Wieviel Sicherheit brauche ich denn wirklich? Wer würde mich unterstützen? An wen könnte
ich mich wenden? (Oder warum nicht?)
Selbstsicherheit gegen fremde Ver(un)sicherung
Angst ist nichts objektives. Angst ist eine biologisch sinnvolle Reaktion und ein subjektives
Wahrnehmungsorgan. Je mehr ich meine Wahrnehmungen durchspüren, durchschauen und
in ihren Feinheiten erleben kann, desto mehr tragen sie zur Selbstsicherheit bei, sogar wenn
es sich um Ängste handelt. Der Verlust oder die starke Einschränkung dieses Organismus
hat weitreichende Folgen.

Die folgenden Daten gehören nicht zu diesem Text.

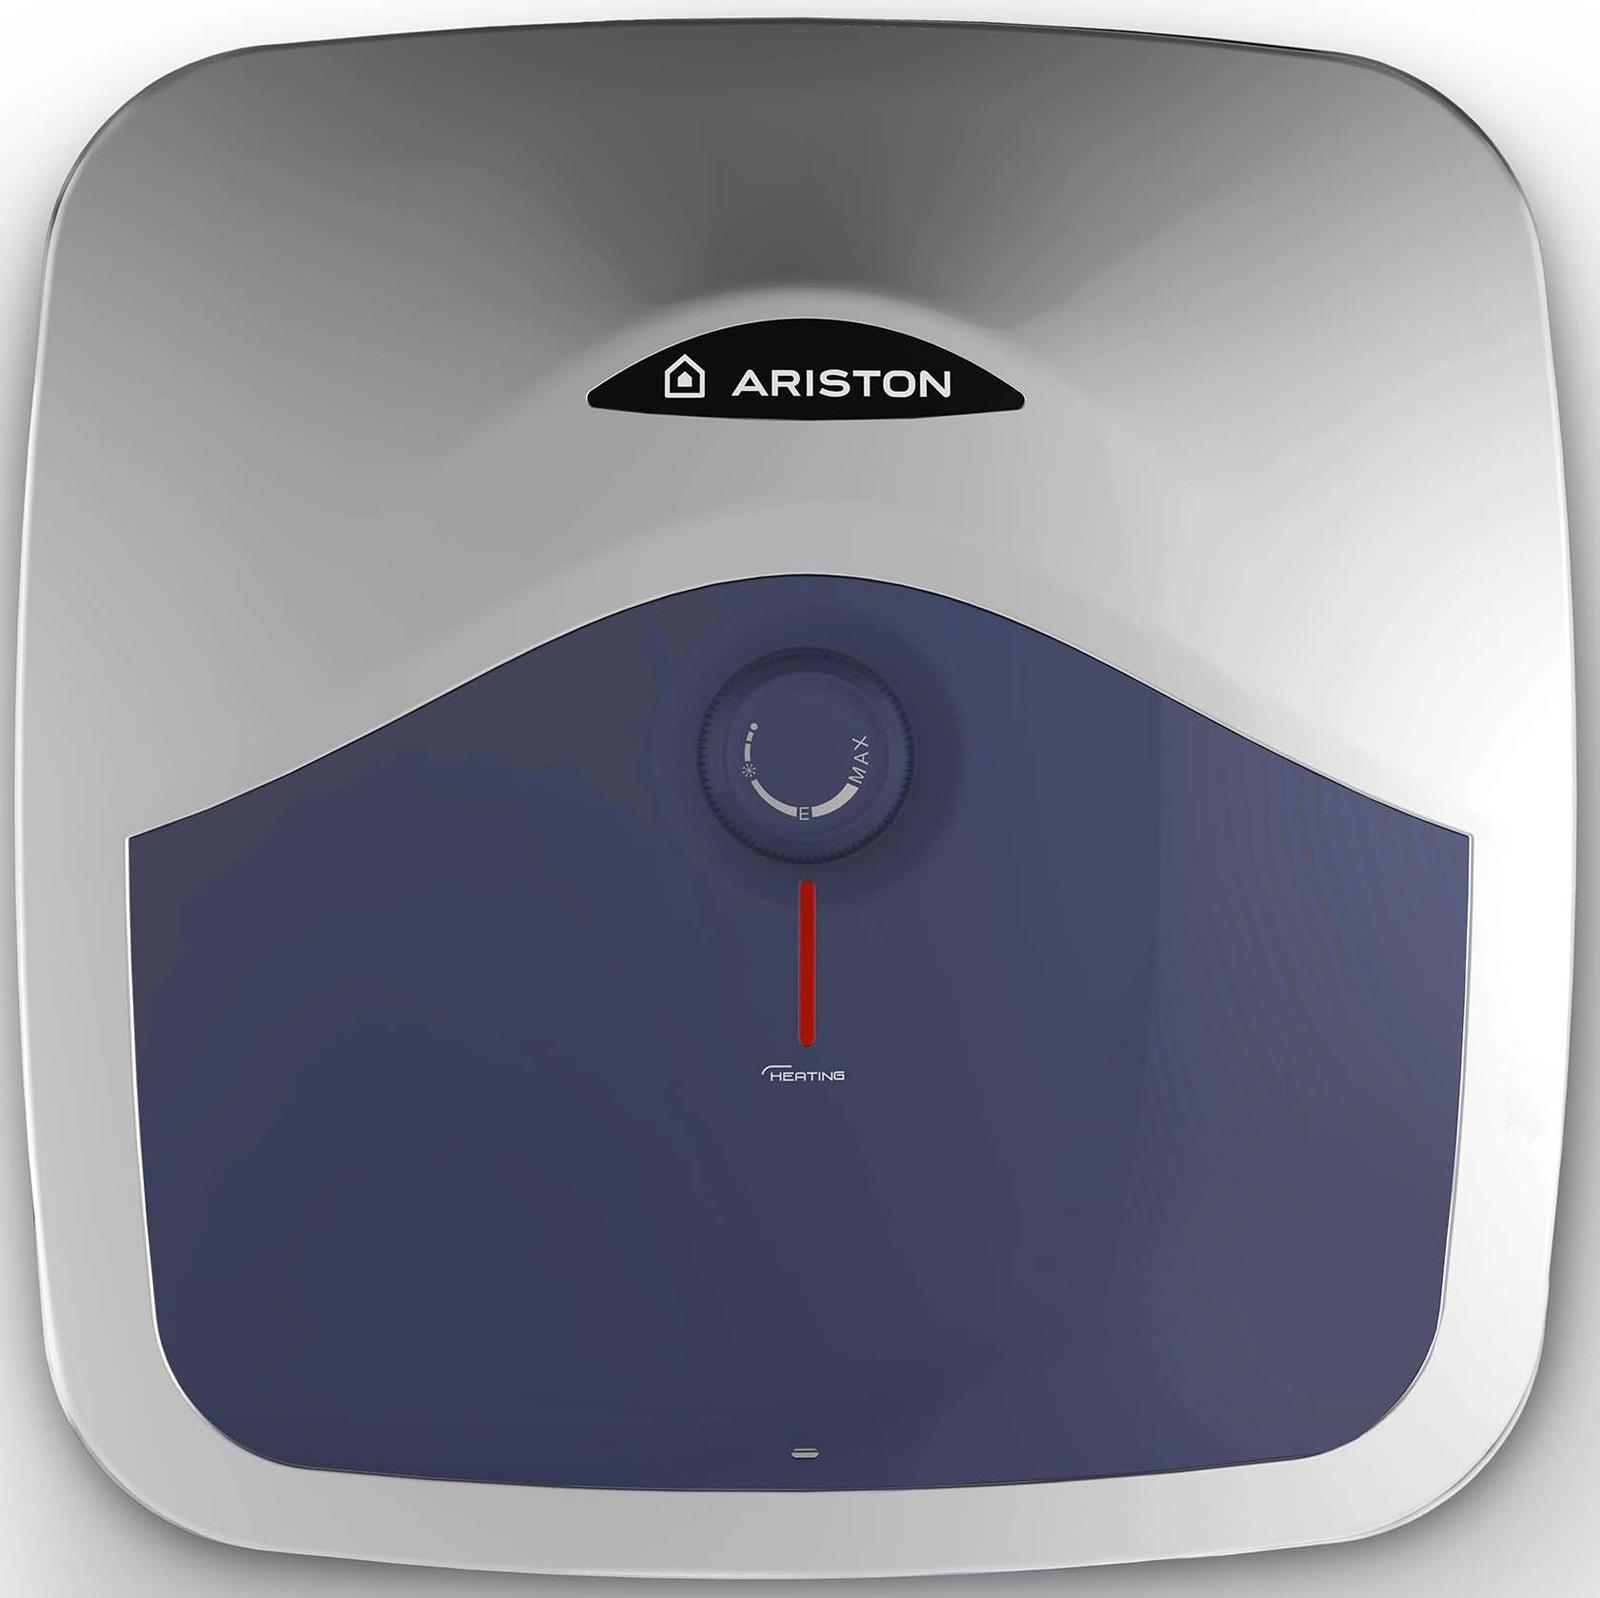 Водонагреватель накопительный электрический Ariston BLU EVO R 10 RU, 90000011581, белый накопительный водонагреватель ariston blu evo r 10 ru

Kinder können sich nicht mehr auf sich und ihr Gespür verlassen,
sie finden den Halt nicht mehr in sich und werden dadurch manipulierbar und verführbar; in
gewissen Sinne müssen wir leider auch sagen, erziehbar.
Mit der Abstumpfung der Empfindungen und einer Erziehung (Bildung), die der Lehre (dem
Wissen der anderen) - nur zu oft wenig hinterfragt - einen höheren Wahrheitsgehalt attestiert
als dem eigenen Gespür, wird Selbstsicherheit und Selbstvertrauen unterhöhlt. Damit wird
eine Bastion gegen aufgepfropfte Ängste geschleift. Dann kann Angst auch gezielt geschürt
und Menschen „mit Hilfe ihrer Angst“ ausgebeutet werden. Wir schützen unsere Kinder am
Besten, wenn wir diesen Wahrnehmungsapparat, ihren Körper mit seinem Gespür und Empfinden, als Seismographen der Atmosphäre und der herrschenden Stimmungen unterstützen.